COVID-19. Come gestire l’impossibilità sopravvenuta della prestazione. Ipotesi di impossibilità reciproca. Conservazione del contratto. >> Articolo in PDF
È noto come l’emergenza pandemiologica internazionale da COVID-19, che in Italia ha assunto numeri rilevanti, abbia determinato una paralisi dei traffici commerciali e dei servizi, dovuta alle varie decretazioni di urgenza, che hanno sostanzialmente stabilito il divieto di circolazione dei cittadini, se non per tassative motivazioni, e la sospensione di gran parte delle attività produttive e di servizi.
La paralisi dei traffici commerciali e di servizi ha causato, da parte degli operatori, l’impossibilità di far fronte alle obbligazioni contrattuali, come conseguenza delle restrizioni e dei divieti posti dalla decretazione d’urgenza.
Questa circostanza, in diritto, si chiama “sopravvenuta impossibilità della prestazione”.
Come è facile immaginare, sono molti i giuristi (e non solo) che in questi ultimi tempi hanno espresso le proprie apprezzabili opinioni sulle conseguenze giuridiche derivanti dalla sopravvenuta impossibilità della prestazione, a seguito dell’emergenza internazionale COVID-19.
Il presente contributo, peraltro, intende essere volutamente sintetico, limitando il più possibile l’analisi puntuale degli istituti giuridici coinvolti (analisi largamente reperibile altrove), intendendo invece offrire un punto di vista diverso da quelli maggiormente diffusi sul web e sui media.
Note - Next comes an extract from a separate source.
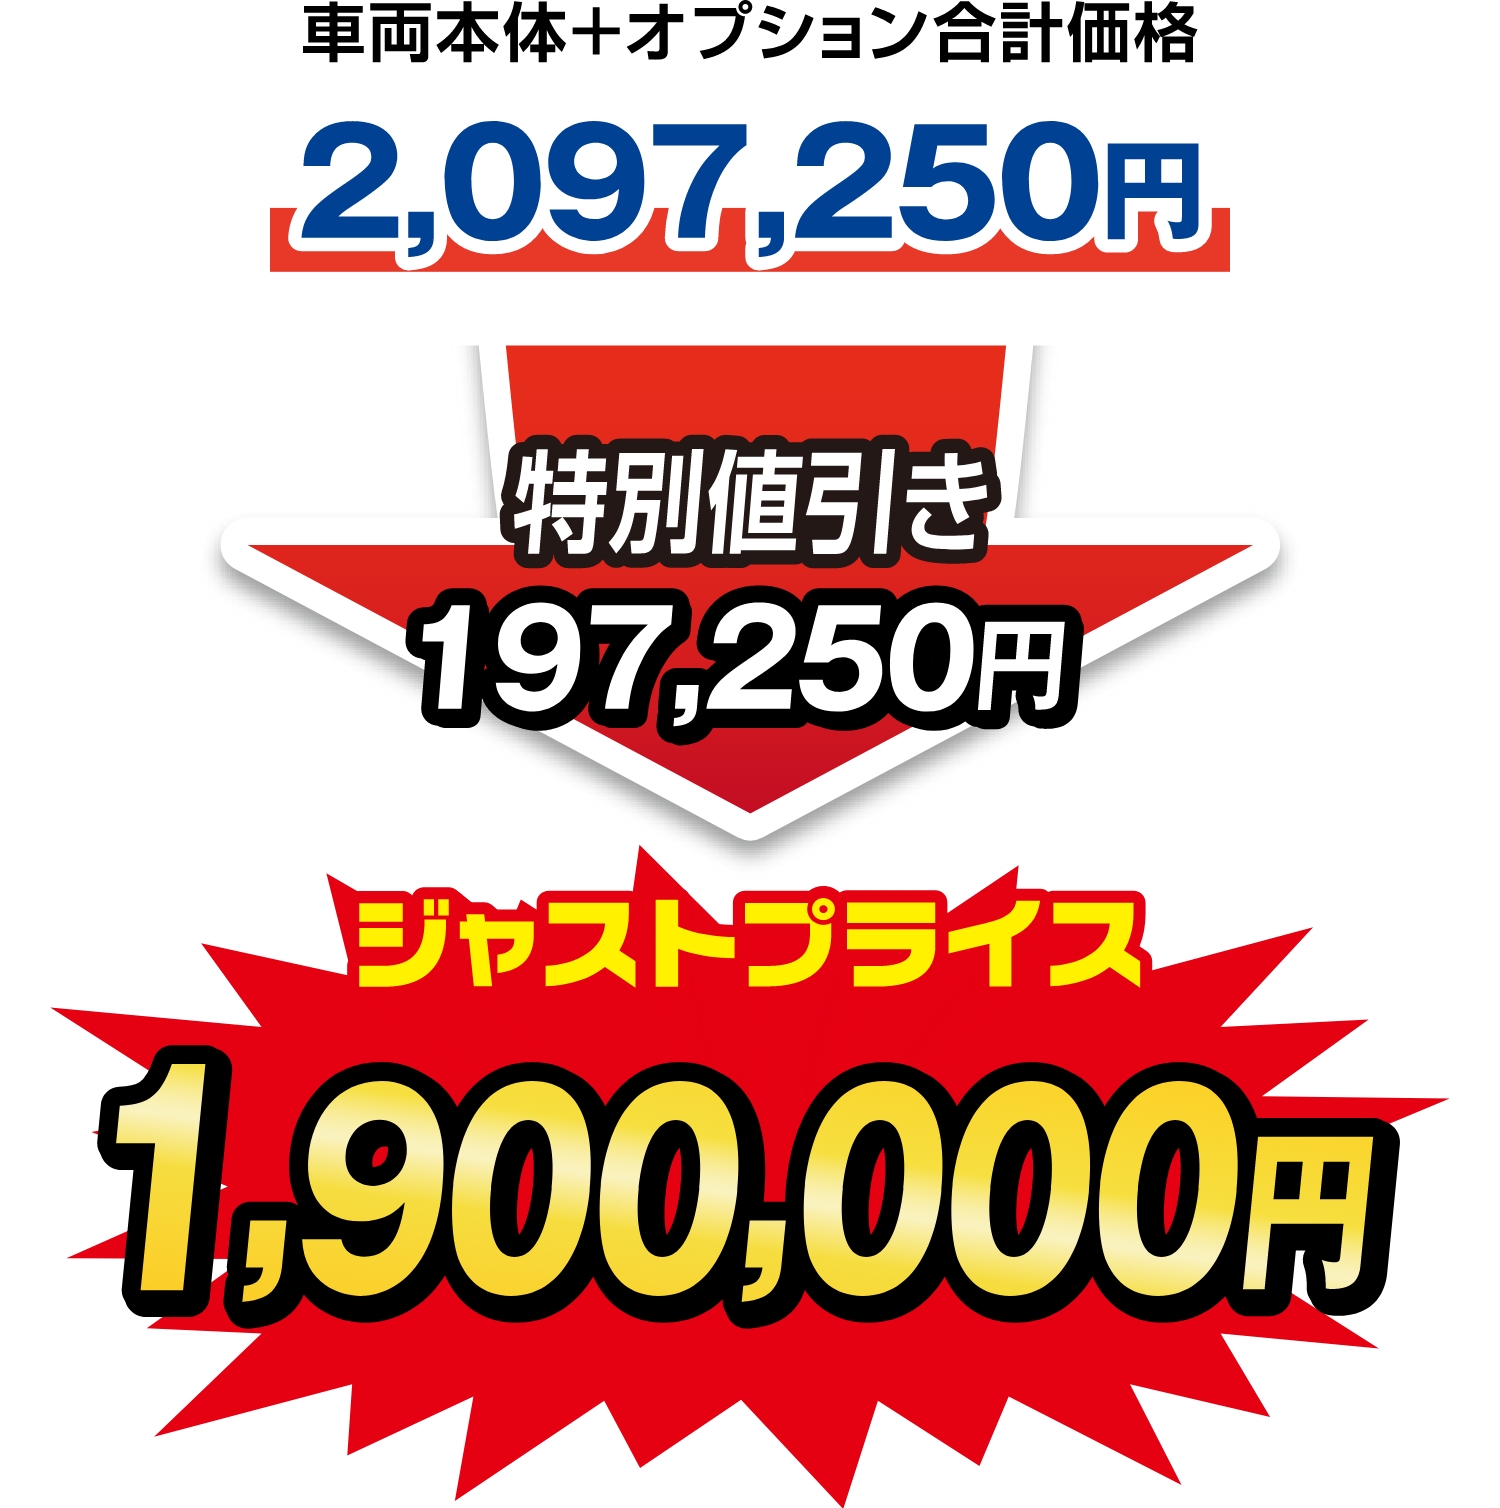 ジャストプライス1,900,000円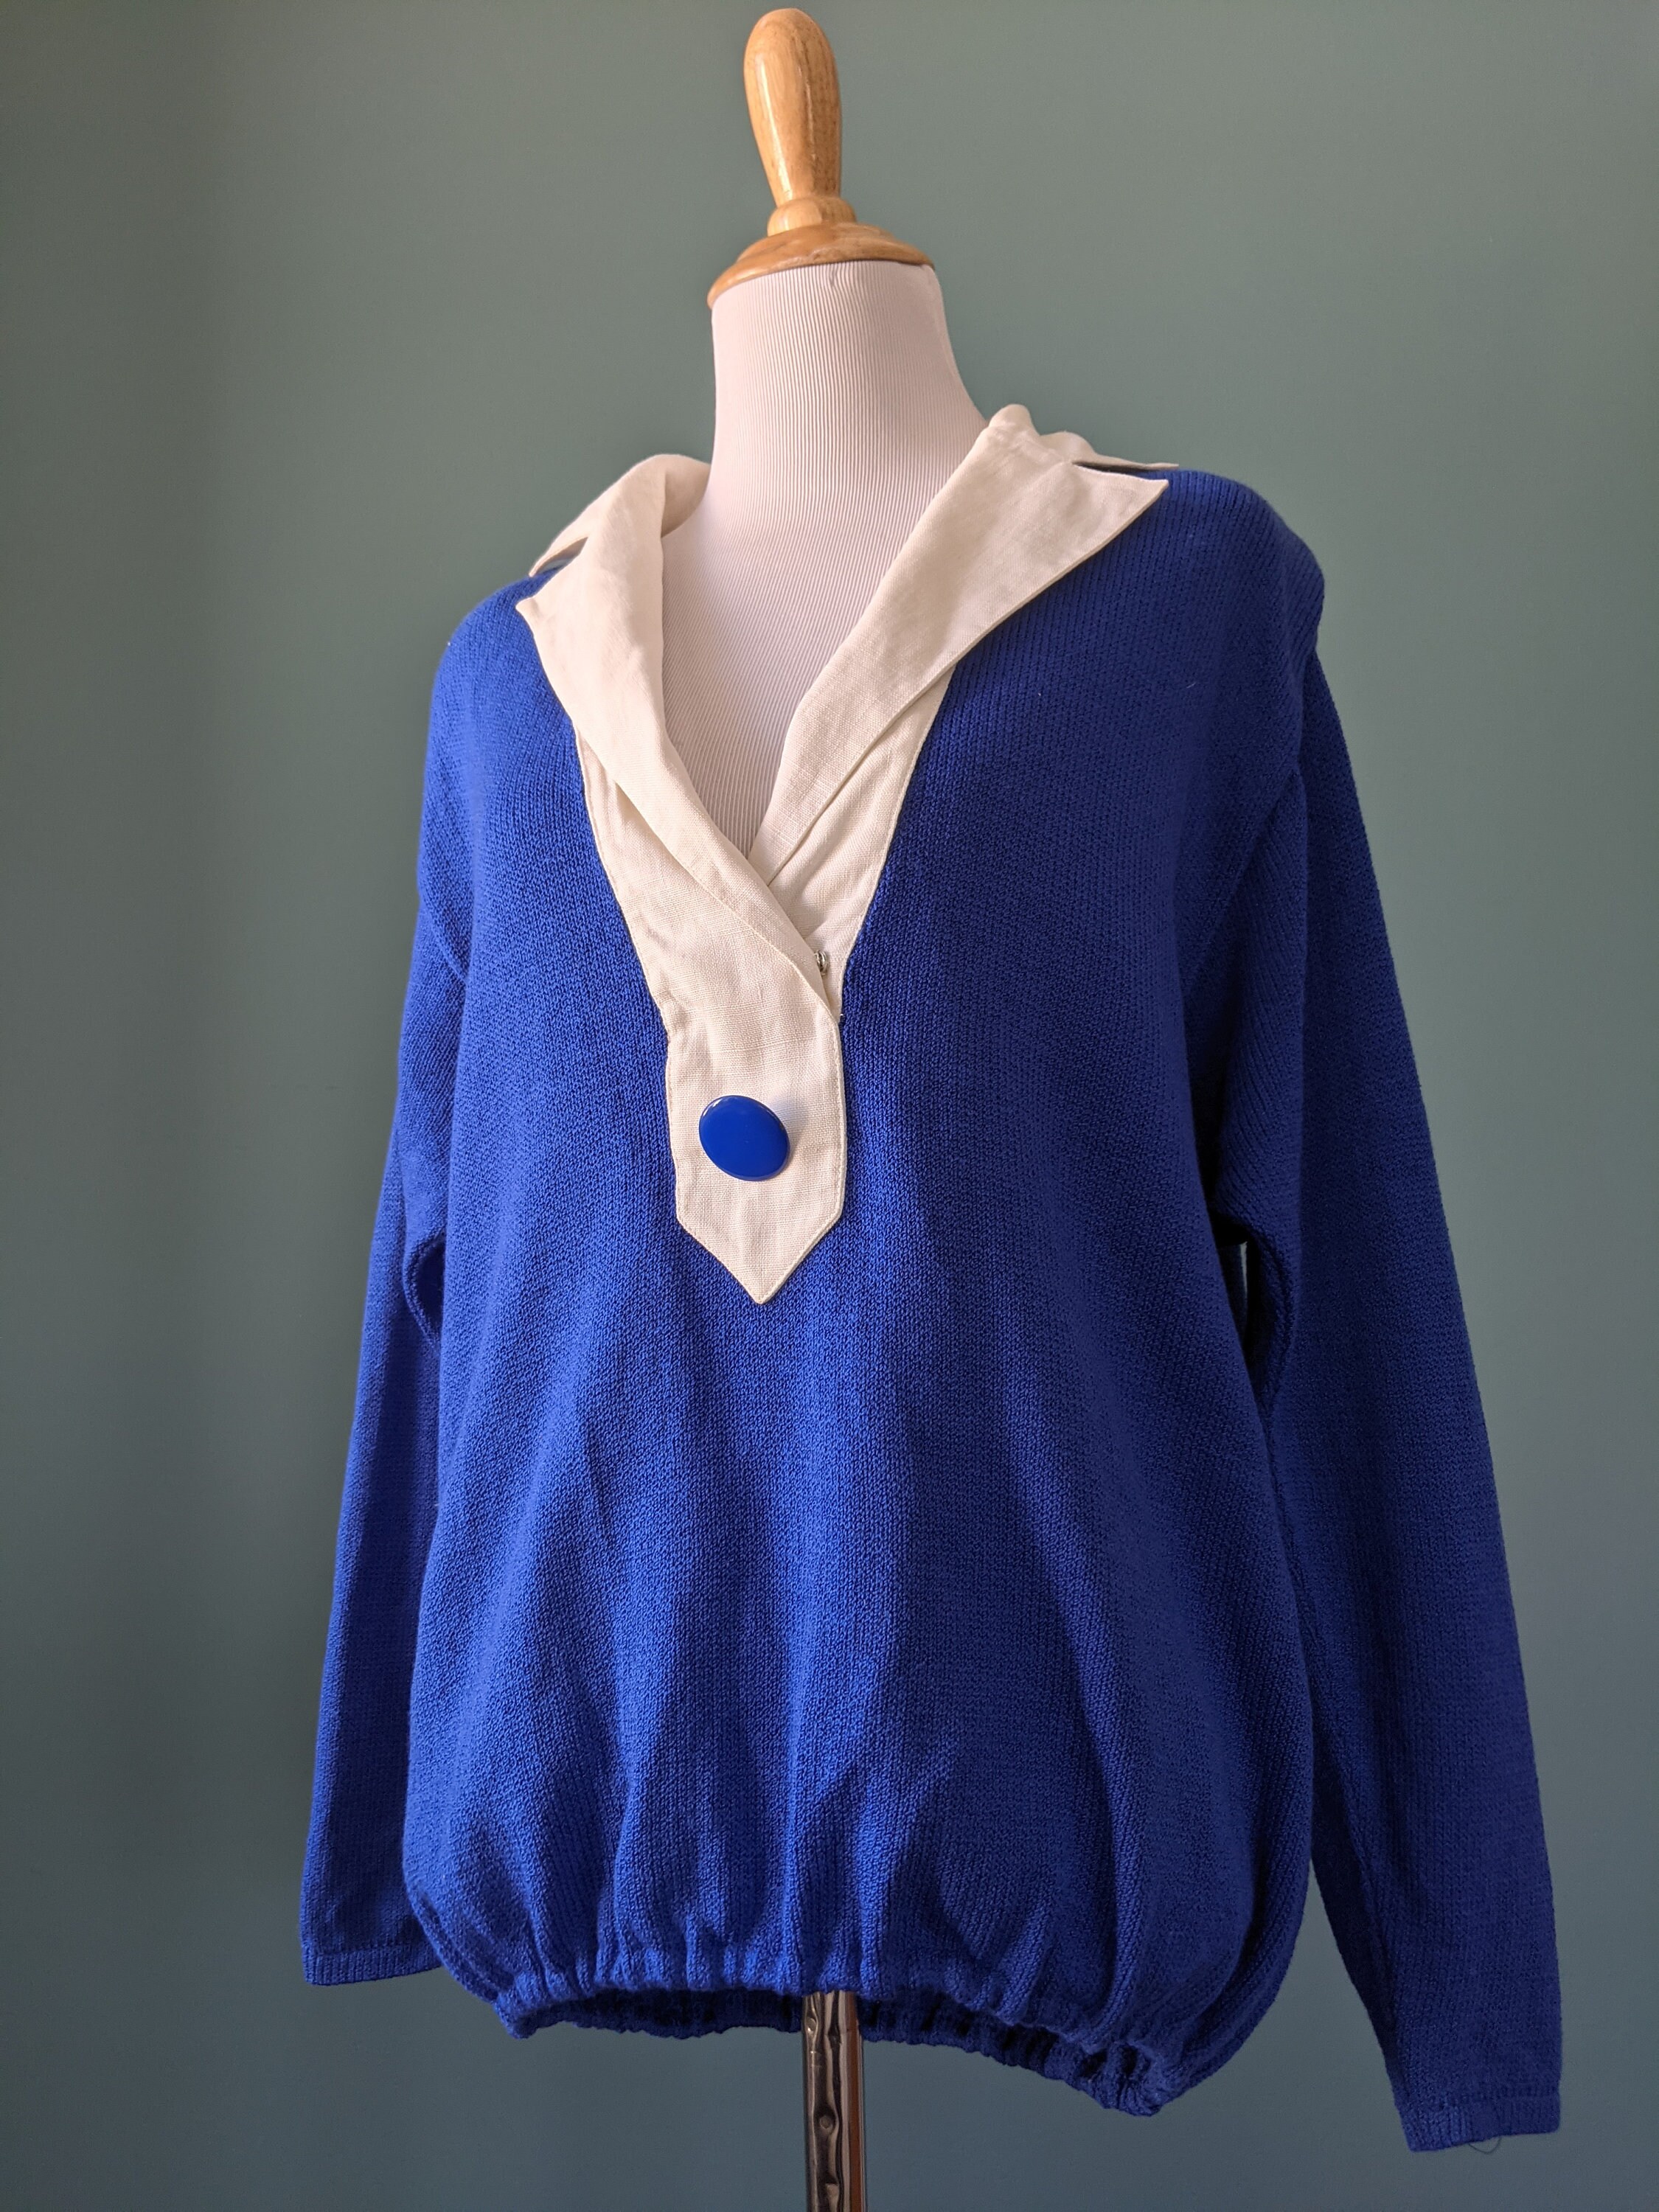 Vintage 80s Cobalt Blue Royal Blue Knit St. John Sweater | Etsy

In estrema sintesi, i più osservano che l’emergenza pandemiologica costituisca quel fatto imprevendibile che legittimi la qualificazione della impossibilità sopravvenuta della prestazione come fatto non imputabile a colui che deve eseguirla.
Difatti la non imputabilità dell’impossibilità della prestazione a colui che deve eseguirla, libera quest’ultimo da ogni responsabilità, tanto da non essere tenuto al risarcimento del danno nei confronti di colui il quale dovrebbe beneficiare di tale prestazione.
In base a ciò, l’obbligazione esistente tra le parti si estingue; ovvero colui il quale dovrebbe beneficiare della prestazione (divenuta ormai impossibile) non è tenuto ad effettuare la controprestazione (ad esempio il pagamento del servizio o del bene) ed avrebbe diritto altresì alla restituzione di quanto eventualmente già versato per prestazioni in tutto o in parte ricevute.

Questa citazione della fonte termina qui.